By: Harsh Arora, Partner in Kelley Kronenberg’s Fort Lauderdale office focusing his practice on business litigation and handling complex and international corporate transaction matters. He has represented multinational businesses as their outside general counsel.

The health of a business is directly associated with the health of its employees, suppliers, and customers, and as such, business must prepare for the impacts from this COVID-19 pandemic, ranging from supply chain interruption to employment issues. Businesses should:

1. Review all contracts with suppliers and customers to evaluate whether such contracts contain protective provisions such as force majeure or indemnification that will provide some relief as to the performance obligations. If there are no protections available under a contract, businesses should proactively seek amendments or written extensions for performance.

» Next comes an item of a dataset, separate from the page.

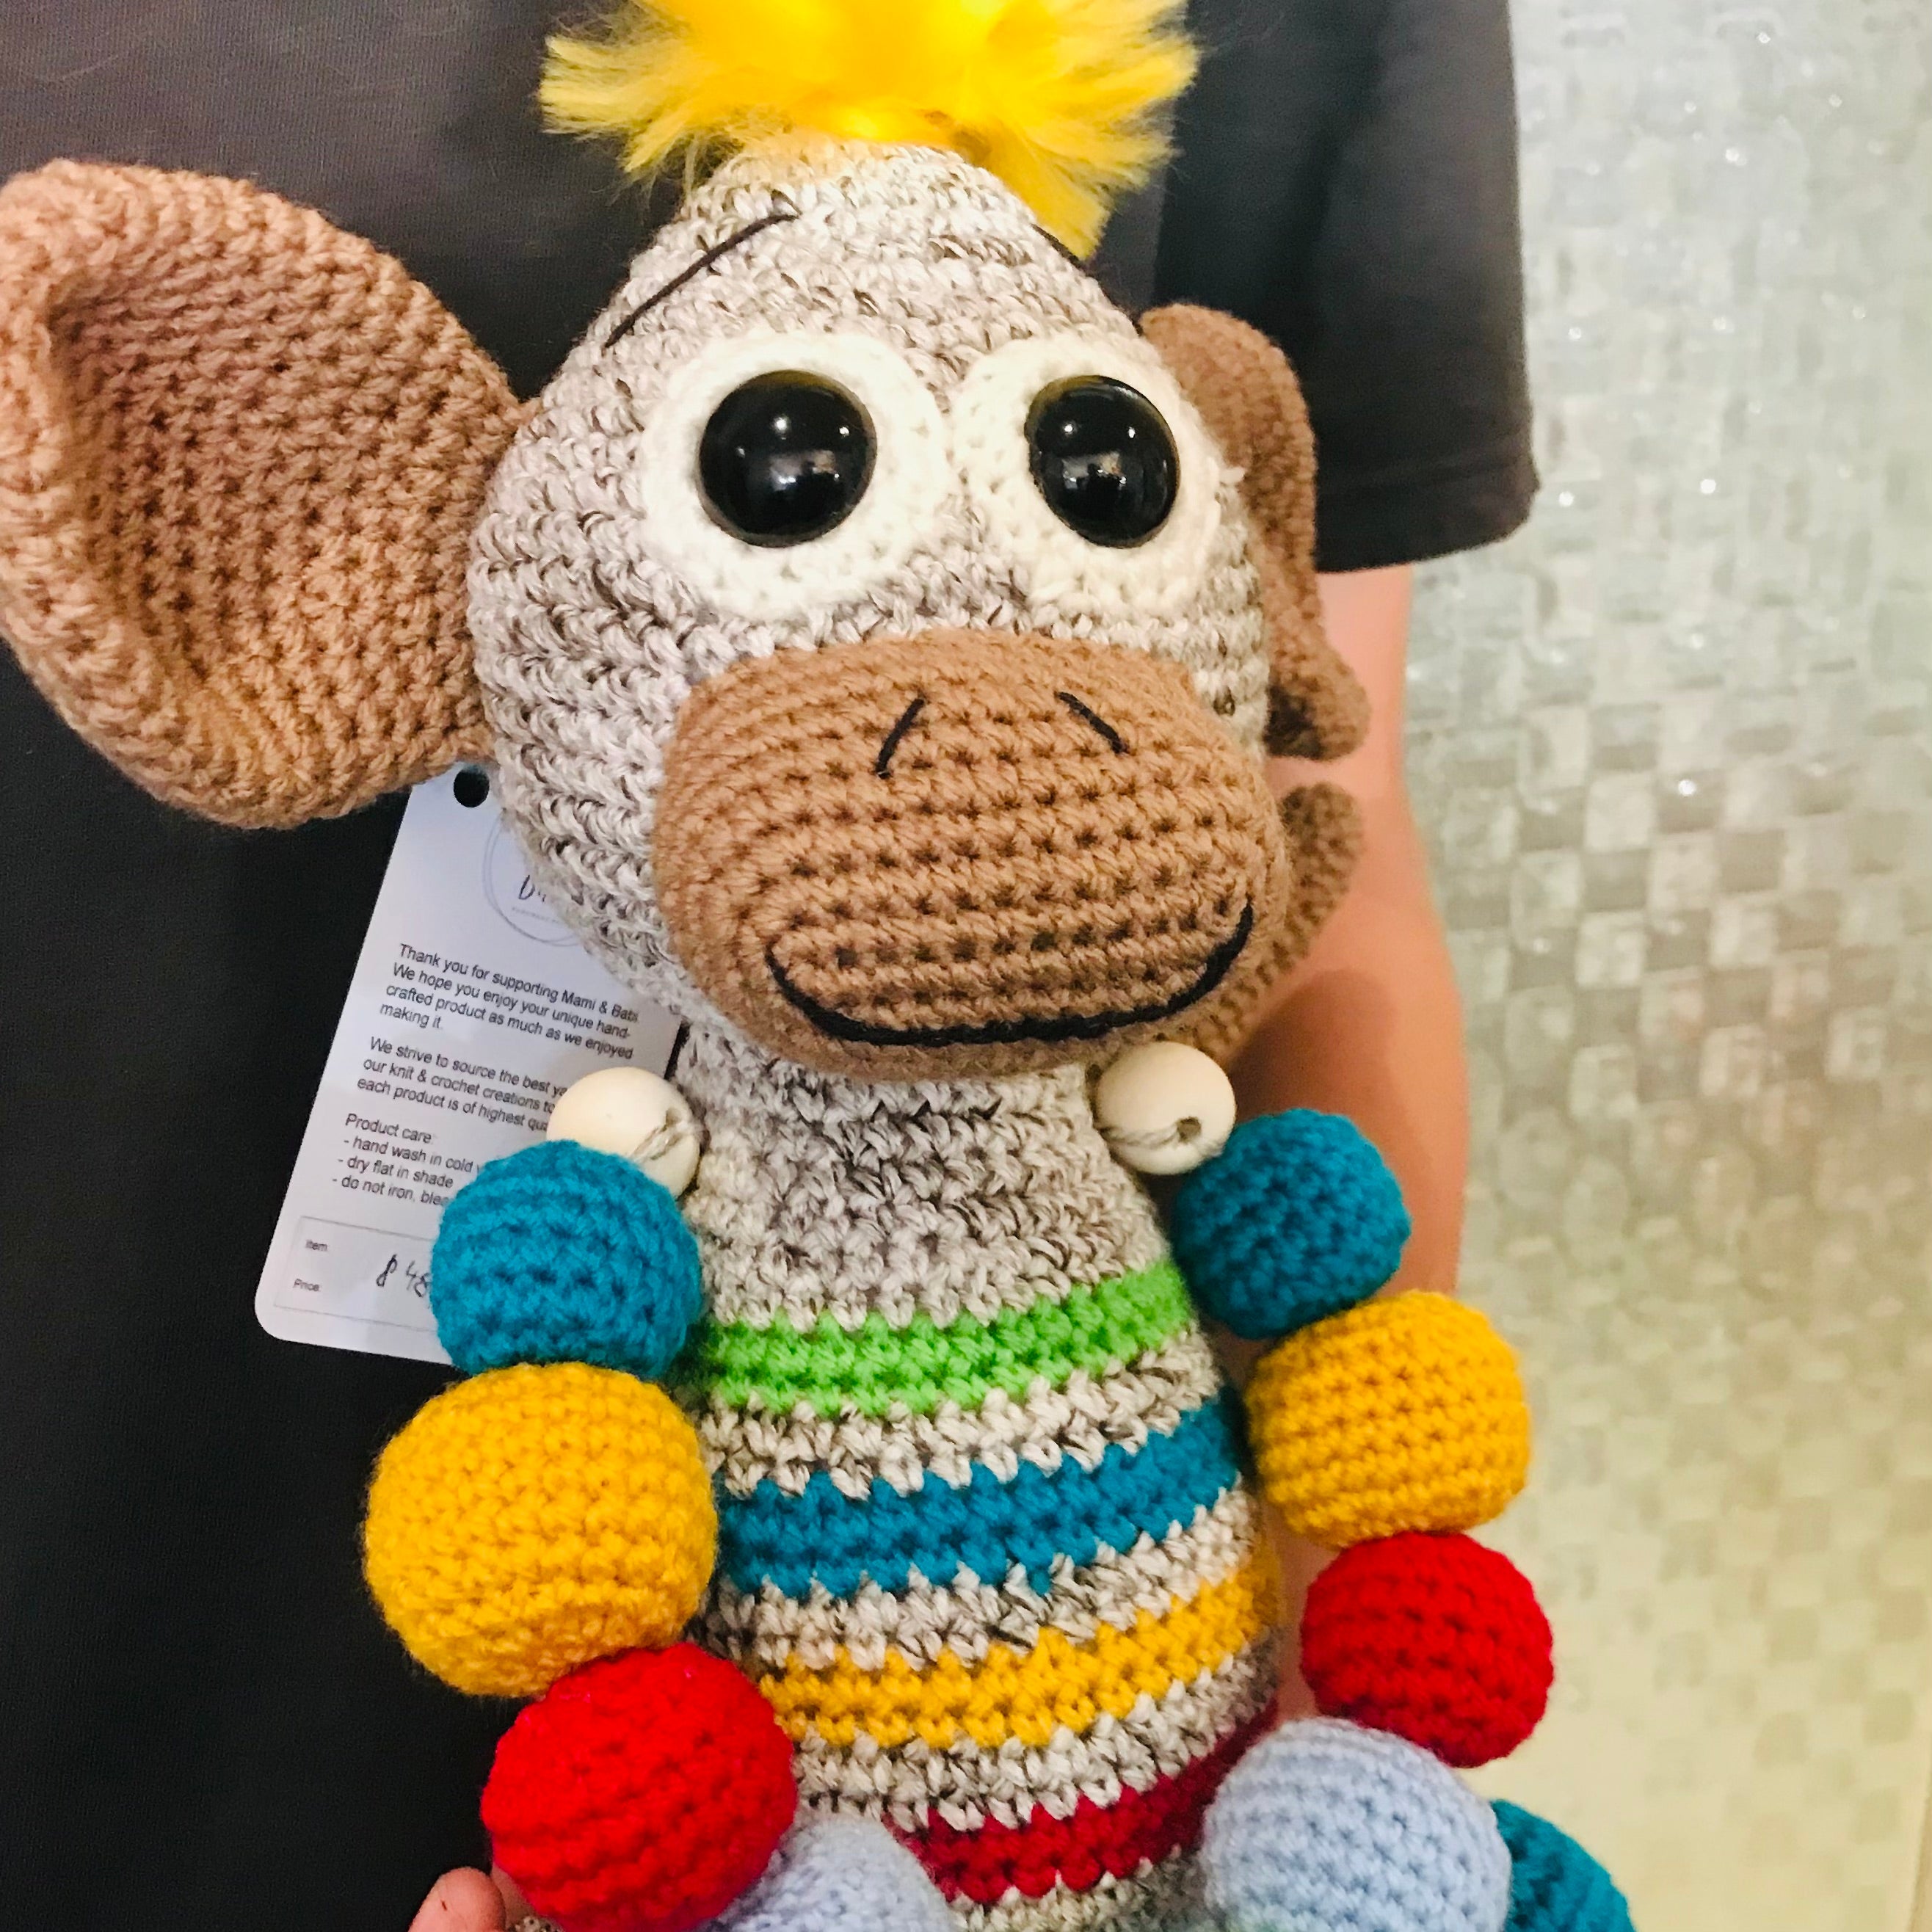 Crochet Monkey Toy

2. Check if the business has a fully comprehensive business continuity plan in place to identify threats to the operations of the business and provides mitigation methods which would allow businesses to continue essential operations and functions.

3.  Review internal policies and procedures to combat potential issues relating to a COVID-19 outbreak relating to employees.

  • If no policies or procedures exist, then businesses should create, establish, and implement such policies and procedures.
  • The business’ policies and procedures should educate the employees, as well as provide the necessary tools to provide a sanitary workplace.

4. Check if business interruption insurance policies are in place, and if so, review same for coverage options.

5. Keep up to date and stay informed due to the ever-changing effects of COVID-19 in order to prepare for potential damages, mitigate risks and damages, and to prepare for the potential for disruption of operations.

Disclaimer: This article is intended to provide you with general information regarding the impact of a potential or actual coronavirus pandemic. The contents of this article are not intended to provide specific legal advice.